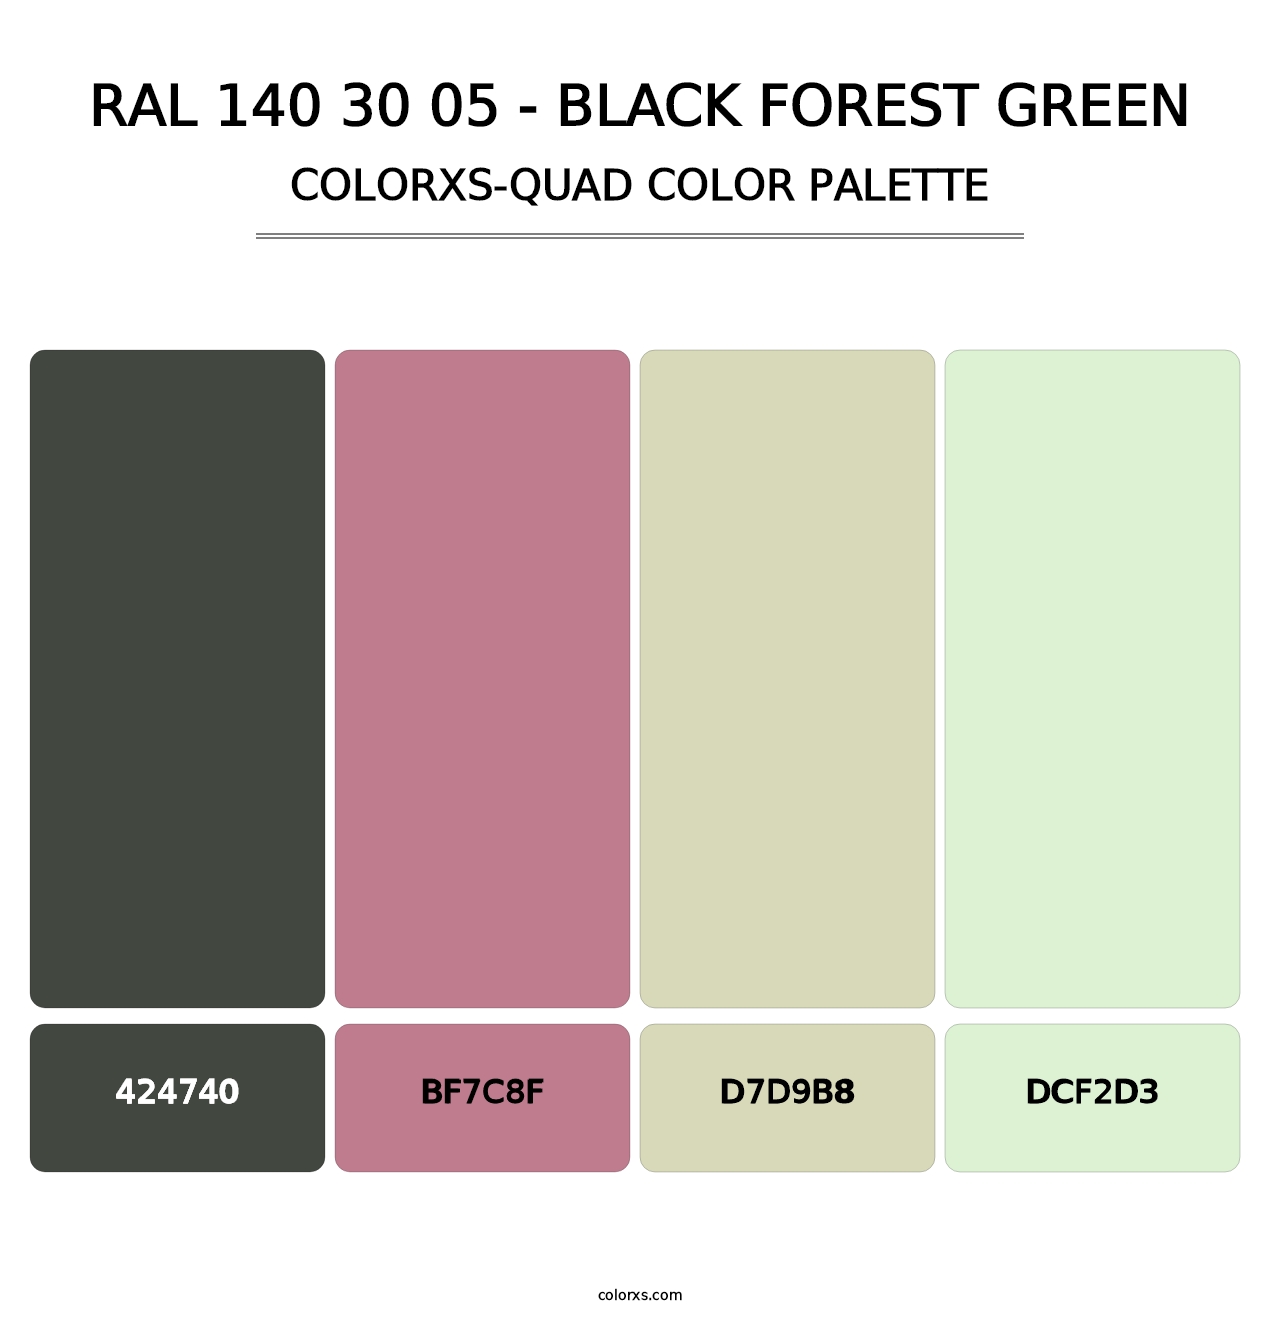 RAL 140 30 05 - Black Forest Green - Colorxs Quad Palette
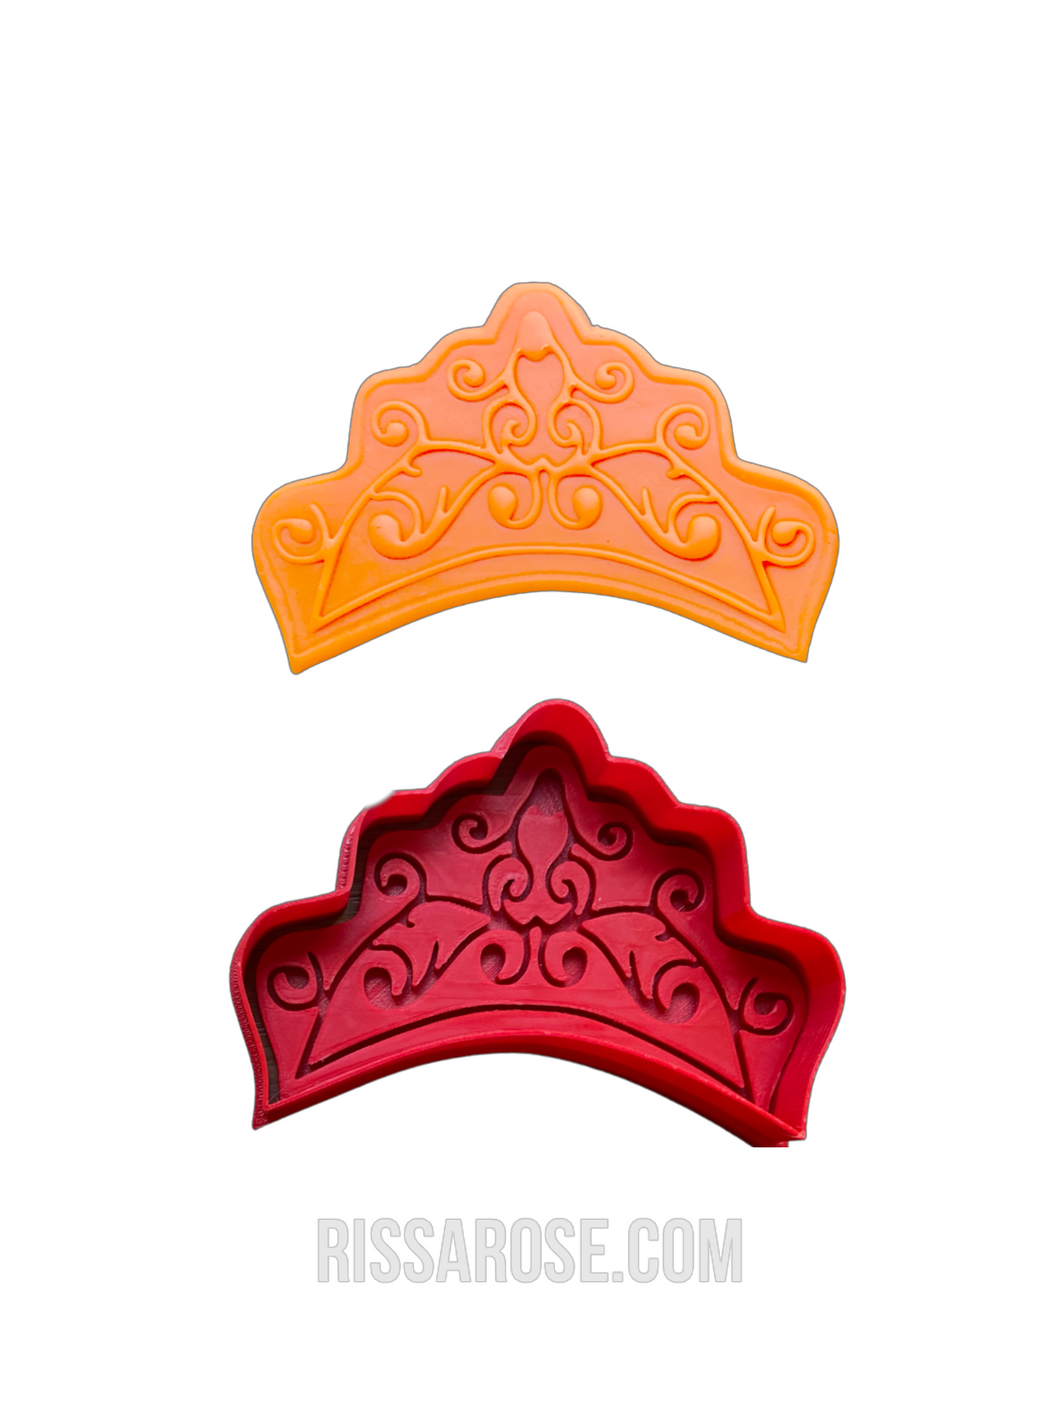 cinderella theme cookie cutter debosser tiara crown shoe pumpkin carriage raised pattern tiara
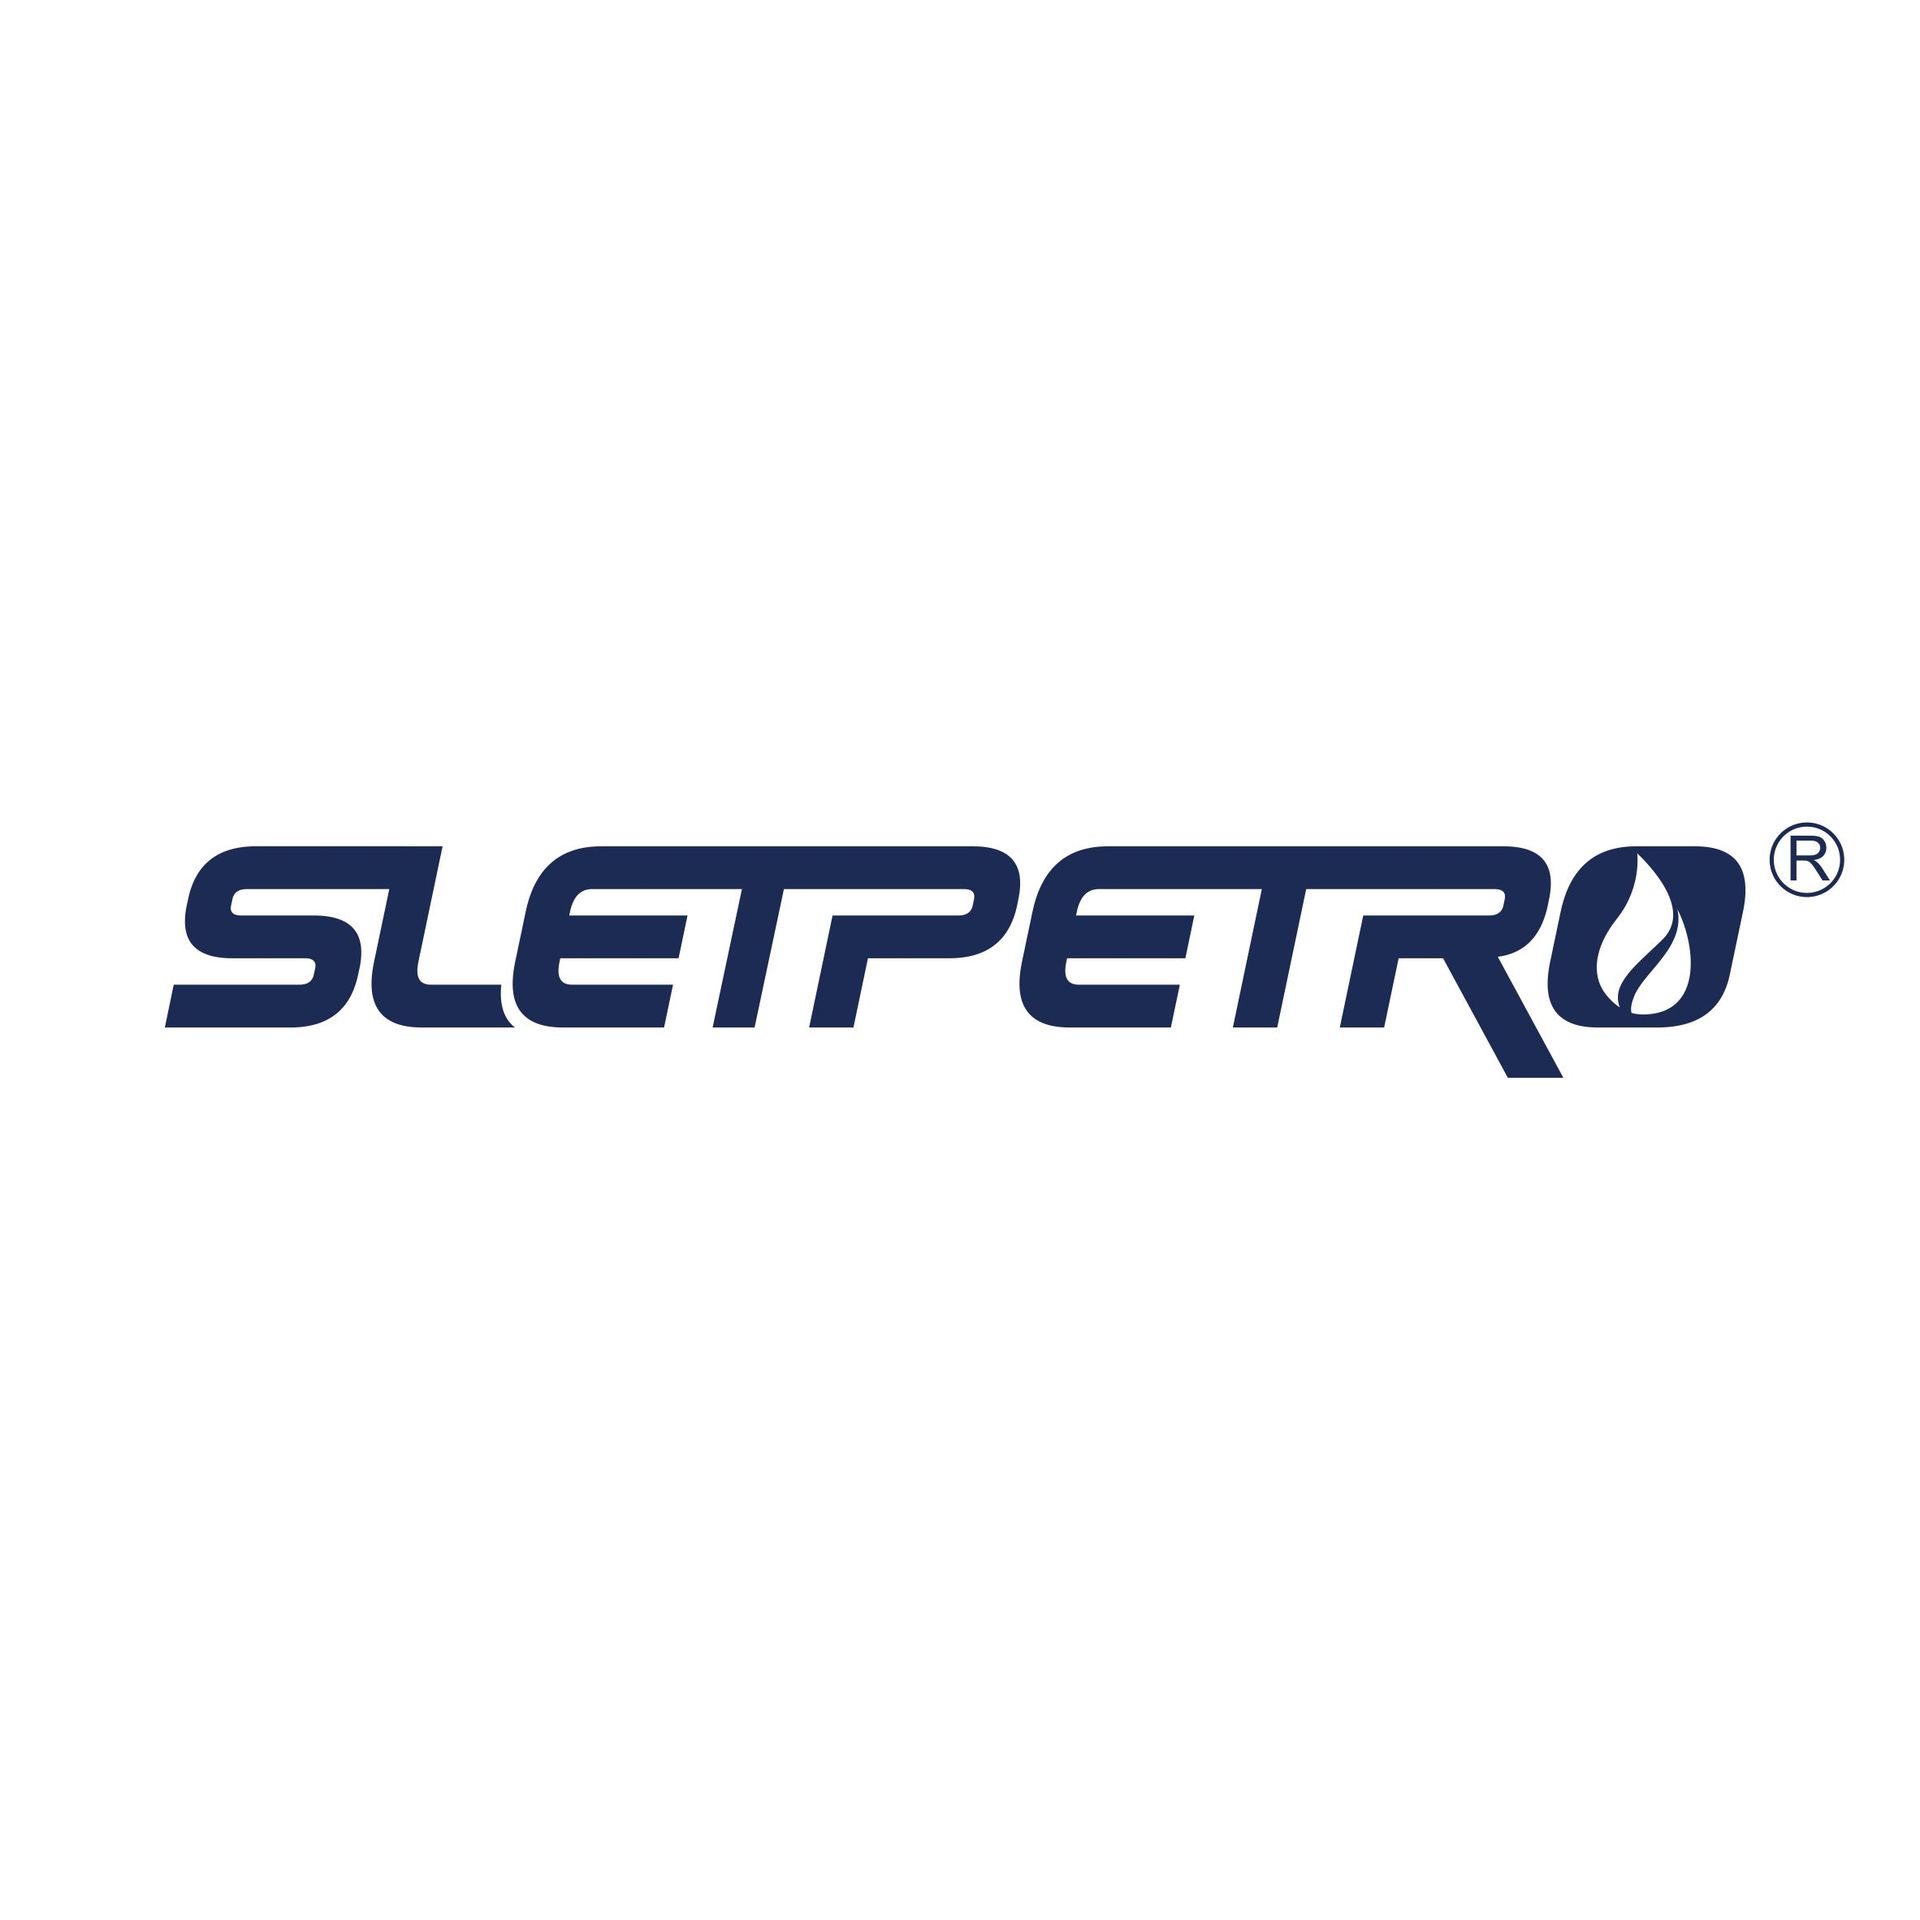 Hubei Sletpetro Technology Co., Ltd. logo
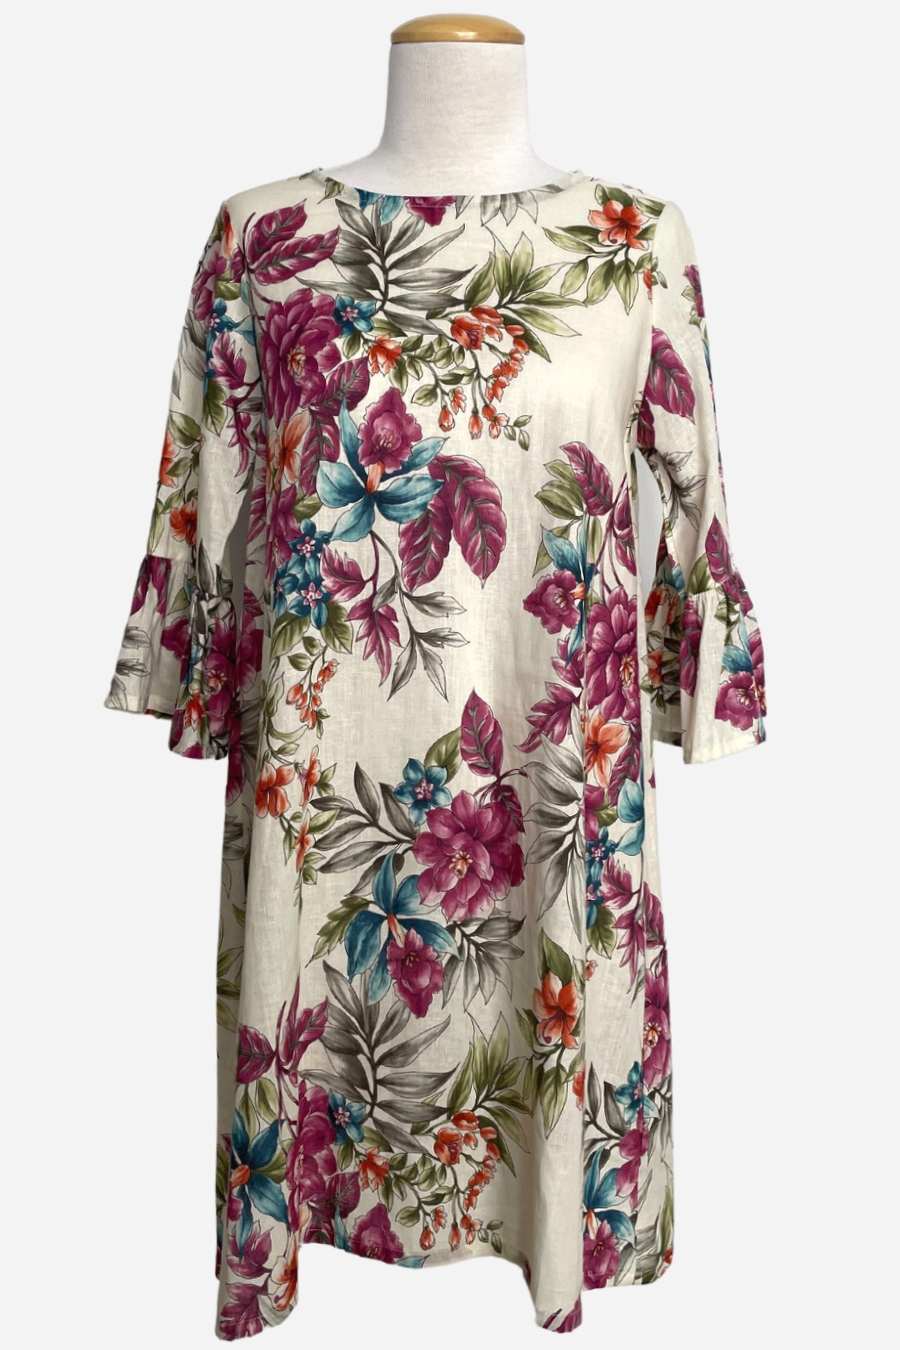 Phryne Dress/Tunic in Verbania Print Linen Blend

- Problem
Your answer must be an exact copy of the lines from the line with "cinderella theme cookie" to the final line of the data, both ends included, and no pictures.

- Task result
 cinderella theme cookie cutter debosser tiara crown shoe pumpkin carriage raised pattern tiara
 Hubei Sletpetro Technology Co., Ltd. logo
 Phryne Dress/Tunic in Verbania Print Linen Blend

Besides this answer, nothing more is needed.